[Gluster-users] Small Tests in EC2 failing...

Adam Lindsay adam at nextfeature.com
Sun Nov 14 18:03:21 UTC 2010

A little background. I have gone through a lot of GlusterFS
documentation and outdated tutorials on installing and setting up a
standard 2 server replication with them acting as clients as well. I
am using Ubuntu 10.04 and GlusterFS 3.1. My goals are not that
ambitious. I don't have terabytes of data and only need the most
modest of replication, to the point where I have strongly considered
rsync or unison. GlusterFS seems to be the hotness so I figured I
would give it a try. Initially I spawned 2 m1.micro and got everything
installed and running. I setup Gluster using the command line tool.
The commands that are relevant are below. I do have a bit of questions
regarding this, which documentation isn't very clear on.

# On Server 1
gluster peer probe <server2 ip>
gluster volume create websites replica 2 transport tcp <server1
ip>:/exp1 <server2 ip>:/exp2
gluster volume start websites

mkdir -p /mnt/websites
modprobe fuse
mount -t glusterfs <server1 ip>:/websites /mnt/websites

As you can see this is extremely straight forward. What is weird is
when I start down the path of only simple tests like creating a text
file in the /mnt/websites mount and saving, it doesn't take long for
the /mnt/websites on both servers to not match. Whats odd is that the
/exp1 and /exp2 directories match nearly instantly. I figure the
problem lies between the client and the volume. I have tried all kinds
of configurations. Mounting both clients on each server to the server1
ip, also their own local IP, I even tried crossing them. Finally I
figured, maybe the m1.micro are just too small. So I redid this with
m1.small's. Yes these are 32bit, so I had to compile the code to
install. This went smoothly, and yet same results.

So my questions:

1) Do I have to use clients or can I just read/write to the /exp1 and
/exp2 directories directly?

2) Am I expecting too much from an m1.micro or even m1.small? Again
this was a simple text file and only a single one. Kinda surprised it
would take more CPU just to do that much.

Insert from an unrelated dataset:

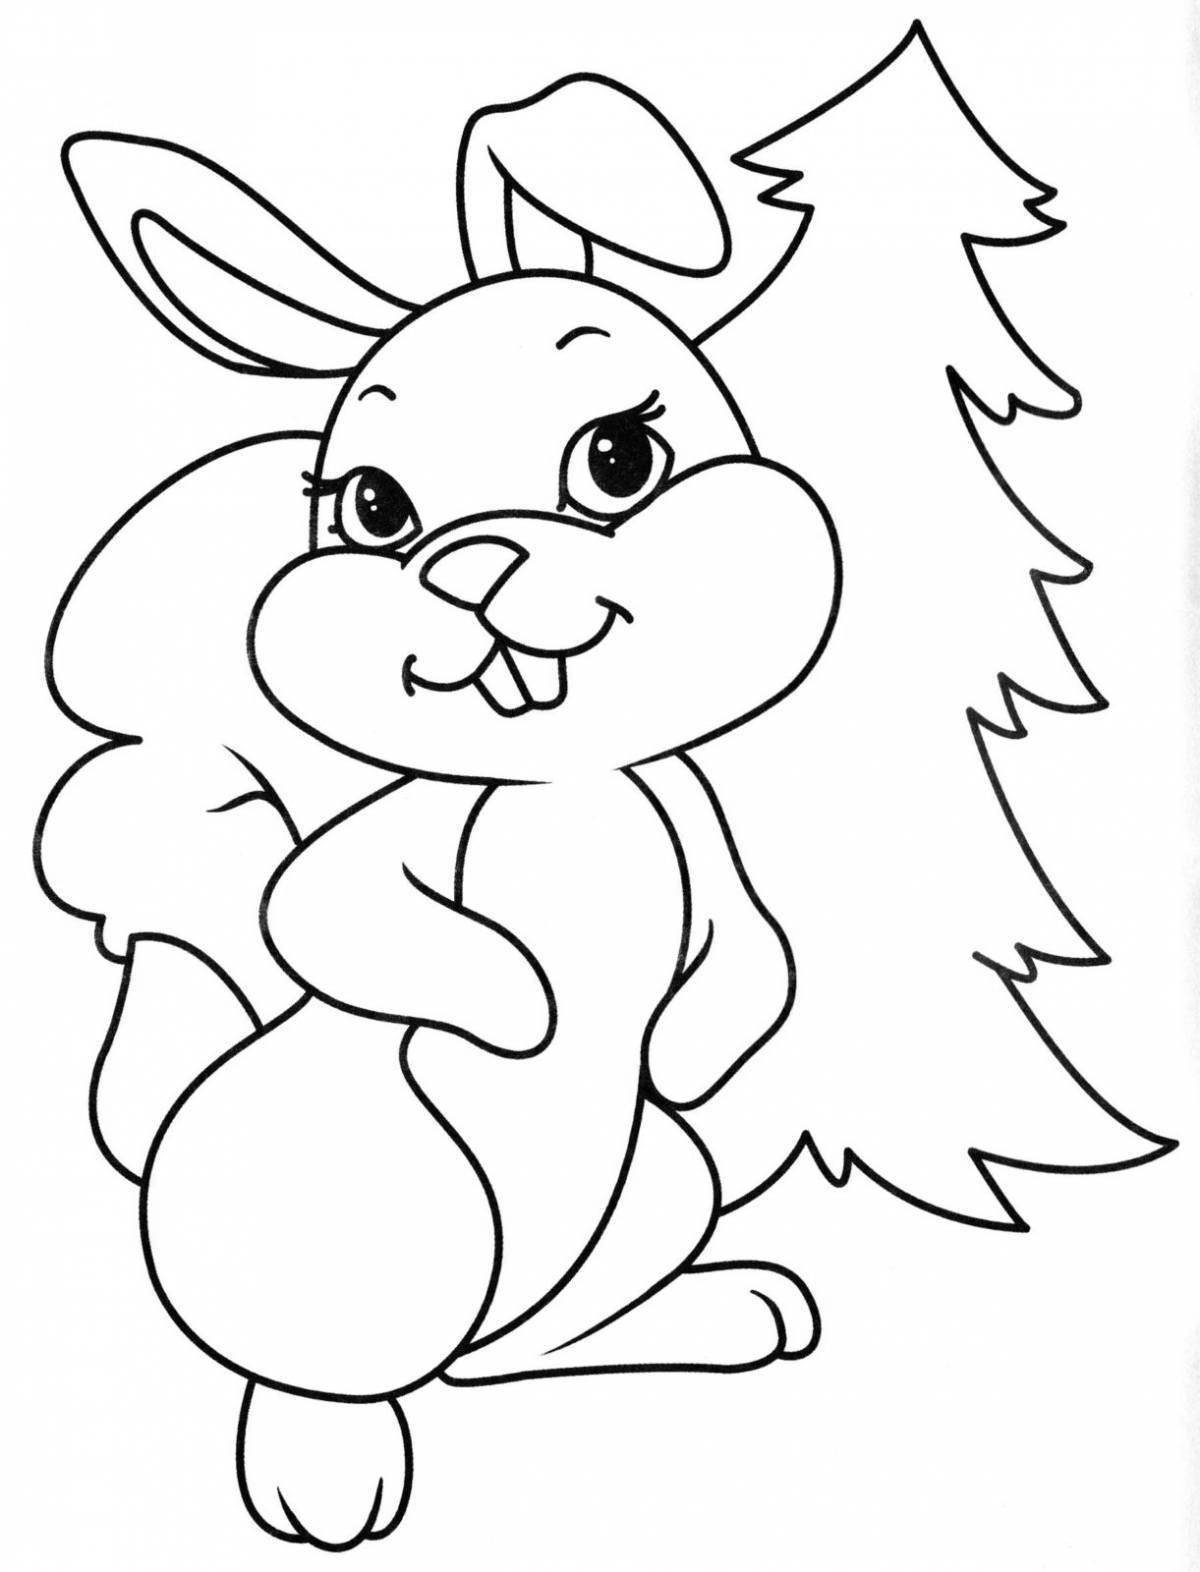 Гламурная раскраска кролик для детей 2-3 лет

3) I feel this is probably a configuration/optimization issue. It
seems as though the replication to the /exp1 and /exp2 directories
happen quickly and are ready to go, but something with the default
configuration to the client isn't good.

4) Could it be the way I am connecting the clients? Do they always
point to server1 ip? or to localhost?

Before its recommended, m1.large and a 4 server config is probably out
of the budget. If this is what it takes tough than I will simply need
to search for another solution. DRBD has come up as a potential for
what I want, but seems as though it might suffer from split brain on
EC2. Again though given the very very simple test, I would expect this
to work even if the instances are a bit underpowered for what most
people use on this list. Any advice or help is greatly appreciated.